* **Work instructions**:
Output exactly the lines spanning from the line containing "Женская спортивная обувь Jump, бело-серый" to the last line of the entries, inclusive.

****************

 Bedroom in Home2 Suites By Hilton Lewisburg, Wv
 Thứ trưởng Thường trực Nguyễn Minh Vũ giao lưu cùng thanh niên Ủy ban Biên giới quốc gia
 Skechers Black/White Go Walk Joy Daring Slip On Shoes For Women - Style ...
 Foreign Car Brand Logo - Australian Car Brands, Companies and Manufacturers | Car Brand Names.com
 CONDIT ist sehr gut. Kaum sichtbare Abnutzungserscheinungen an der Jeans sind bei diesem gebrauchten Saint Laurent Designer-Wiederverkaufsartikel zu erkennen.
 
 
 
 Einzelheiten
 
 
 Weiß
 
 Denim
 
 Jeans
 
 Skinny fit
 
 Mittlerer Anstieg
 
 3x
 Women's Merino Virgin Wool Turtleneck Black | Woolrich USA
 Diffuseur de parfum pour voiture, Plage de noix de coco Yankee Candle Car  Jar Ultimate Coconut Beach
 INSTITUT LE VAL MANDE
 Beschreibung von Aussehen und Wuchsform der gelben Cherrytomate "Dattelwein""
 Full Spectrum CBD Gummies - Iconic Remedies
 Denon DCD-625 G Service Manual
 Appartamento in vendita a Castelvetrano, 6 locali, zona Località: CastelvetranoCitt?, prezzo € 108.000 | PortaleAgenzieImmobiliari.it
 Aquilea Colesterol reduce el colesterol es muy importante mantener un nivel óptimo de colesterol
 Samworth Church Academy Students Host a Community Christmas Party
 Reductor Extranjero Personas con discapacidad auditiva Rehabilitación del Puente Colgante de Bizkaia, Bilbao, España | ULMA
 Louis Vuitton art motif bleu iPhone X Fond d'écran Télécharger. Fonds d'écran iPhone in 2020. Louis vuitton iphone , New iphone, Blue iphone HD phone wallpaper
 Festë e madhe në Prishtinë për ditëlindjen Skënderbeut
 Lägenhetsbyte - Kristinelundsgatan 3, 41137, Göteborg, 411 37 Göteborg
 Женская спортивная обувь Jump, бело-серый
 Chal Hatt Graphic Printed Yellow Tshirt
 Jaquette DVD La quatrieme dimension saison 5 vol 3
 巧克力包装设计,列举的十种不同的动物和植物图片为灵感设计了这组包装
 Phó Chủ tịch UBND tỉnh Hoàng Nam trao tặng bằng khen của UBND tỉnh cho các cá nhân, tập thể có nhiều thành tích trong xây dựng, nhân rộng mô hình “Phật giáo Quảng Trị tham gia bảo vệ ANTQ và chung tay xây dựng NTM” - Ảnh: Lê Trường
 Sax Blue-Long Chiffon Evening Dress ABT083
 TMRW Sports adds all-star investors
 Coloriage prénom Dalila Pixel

****************

* **Result below**:
 Женская спортивная обувь Jump, бело-серый
 Chal Hatt Graphic Printed Yellow Tshirt
 Jaquette DVD La quatrieme dimension saison 5 vol 3
 巧克力包装设计,列举的十种不同的动物和植物图片为灵感设计了这组包装
 Phó Chủ tịch UBND tỉnh Hoàng Nam trao tặng bằng khen của UBND tỉnh cho các cá nhân, tập thể có nhiều thành tích trong xây dựng, nhân rộng mô hình “Phật giáo Quảng Trị tham gia bảo vệ ANTQ và chung tay xây dựng NTM” - Ảnh: Lê Trường
 Sax Blue-Long Chiffon Evening Dress ABT083
 TMRW Sports adds all-star investors
 Coloriage prénom Dalila Pixel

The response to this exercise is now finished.